_Exercise objective_
Your output should be exactly the lines from the one containing "Asha Coloring Pages" through the last line of the listing, and nothing else. Pictures stay out.

_Data shown_
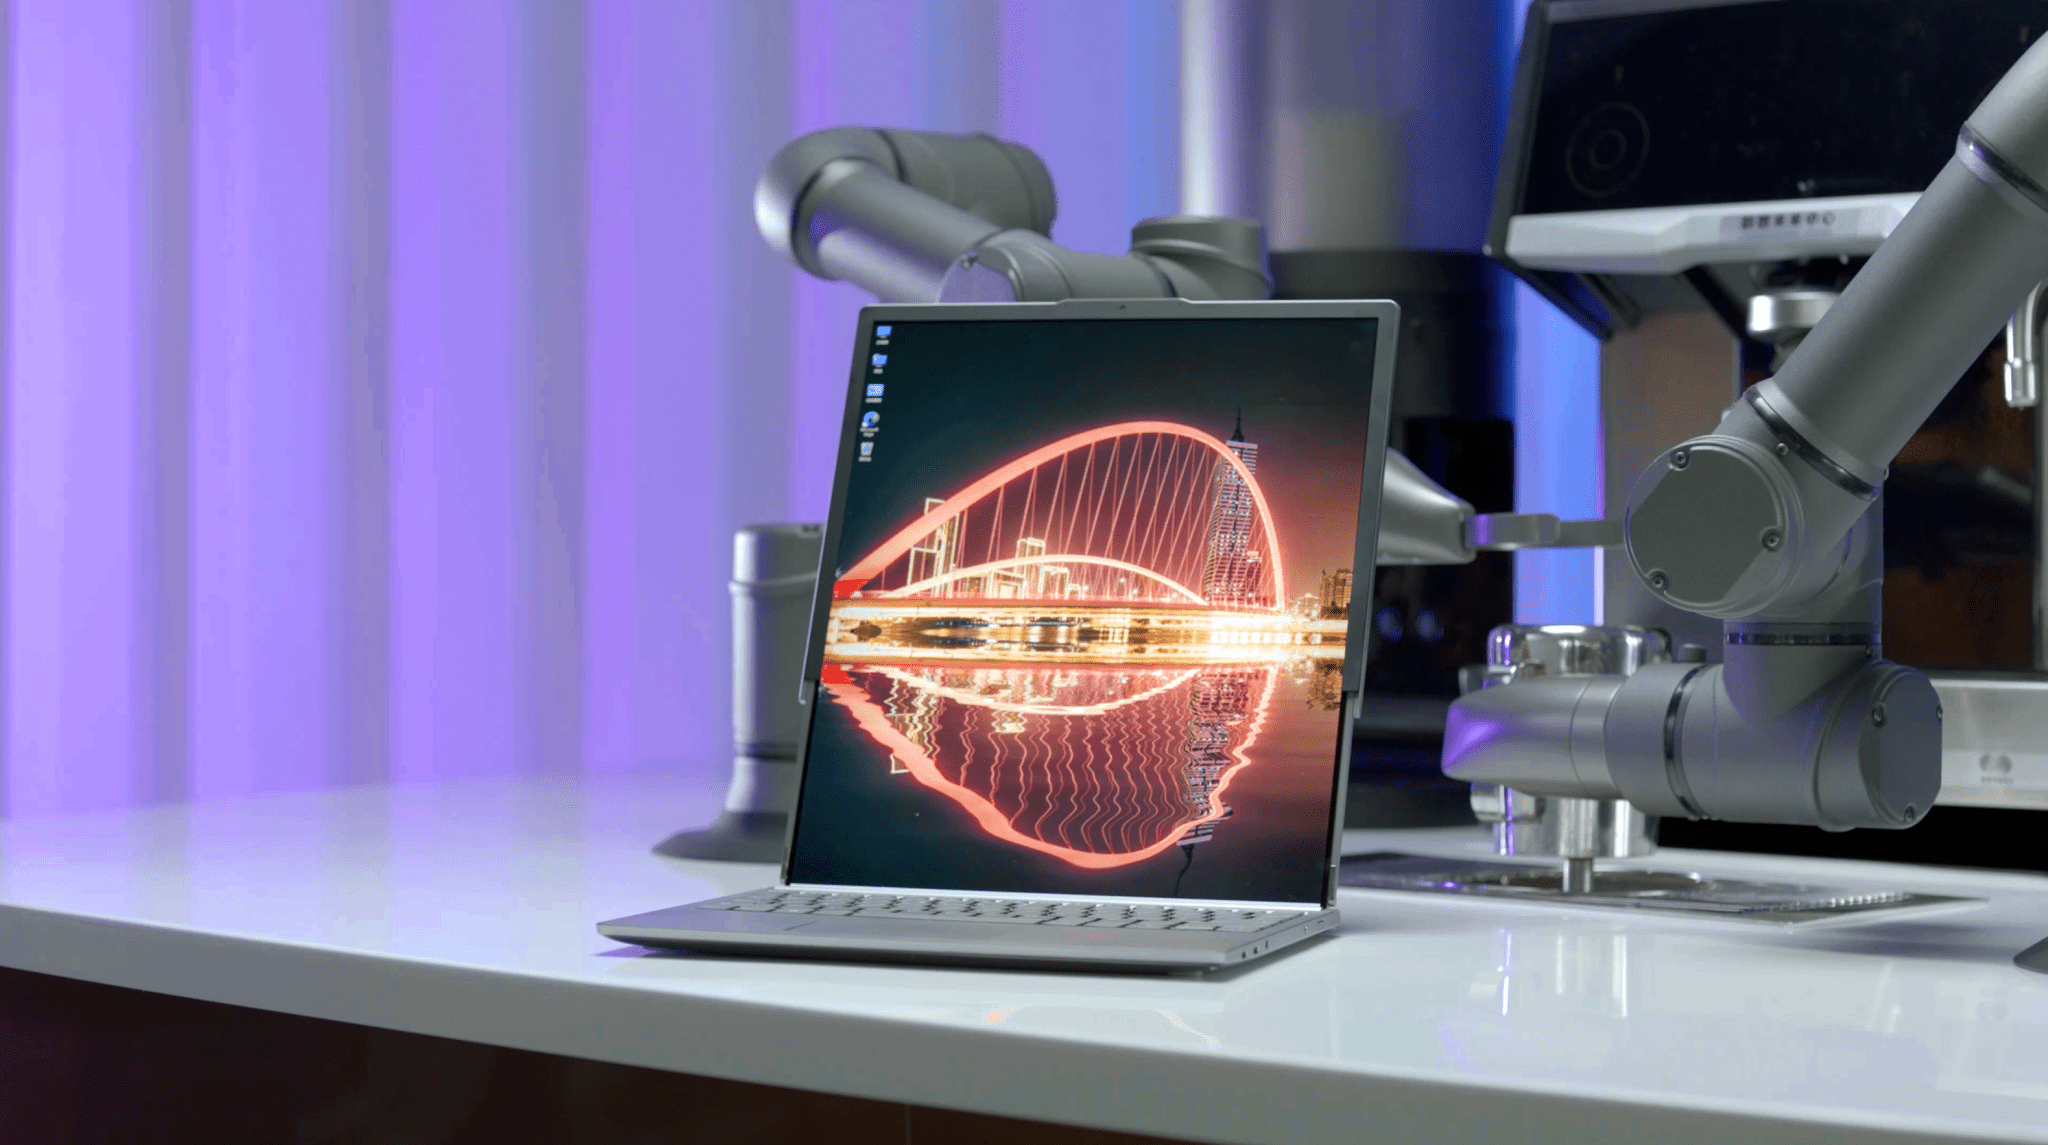 Lenovo’s proof-of-concept rollable PC
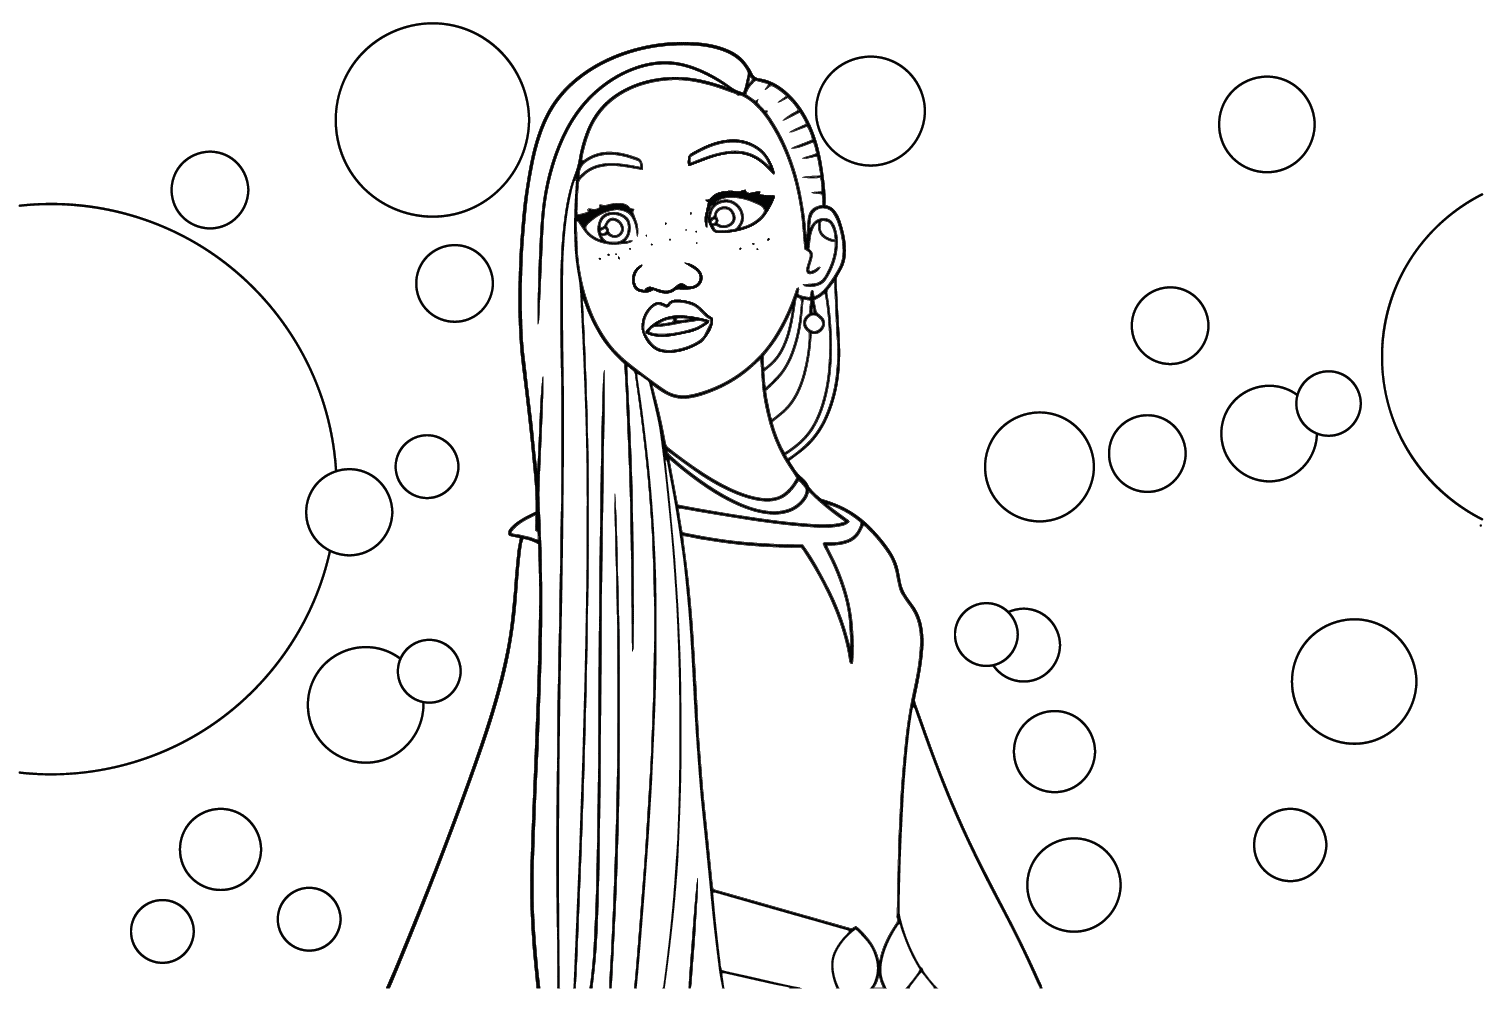 Asha Coloring Pages to Printable - Free Printable Coloring Pages
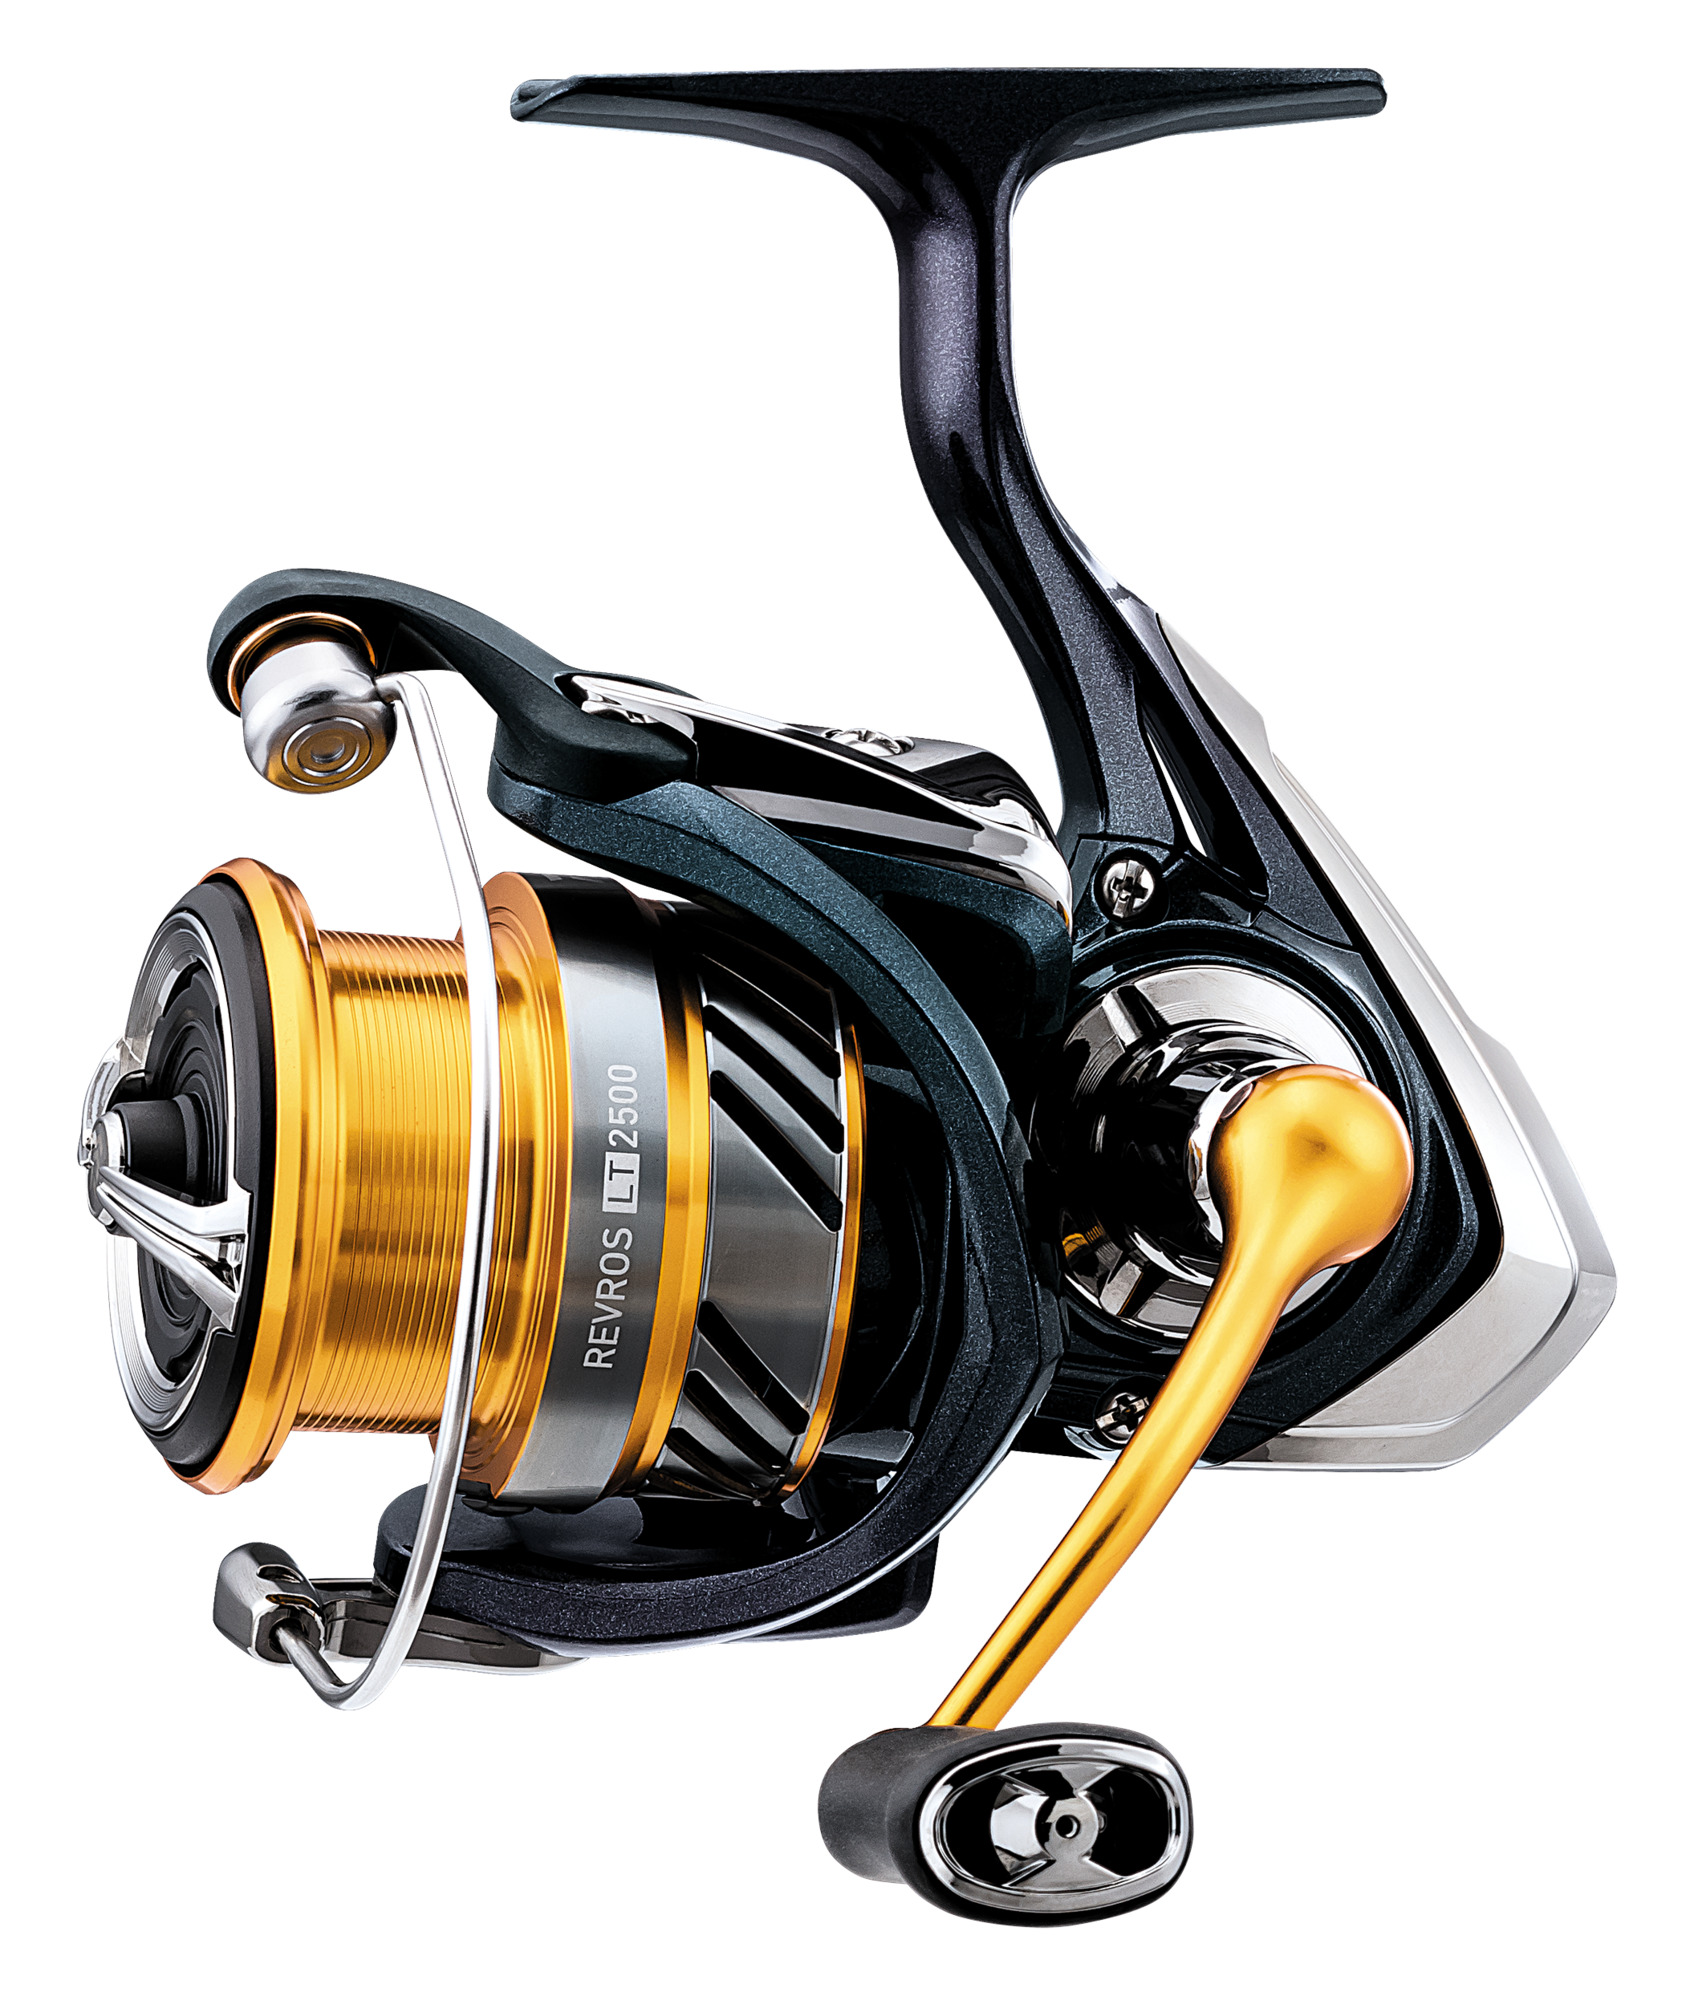 Daiwa Revros LT Spinning Reel , Up to $3.00 Off with Free S&H — CampSaver

_Response to this exercise_
 Asha Coloring Pages to Printable - Free Printable Coloring Pages
 Daiwa Revros LT Spinning Reel , Up to $3.00 Off with Free S&H — CampSaver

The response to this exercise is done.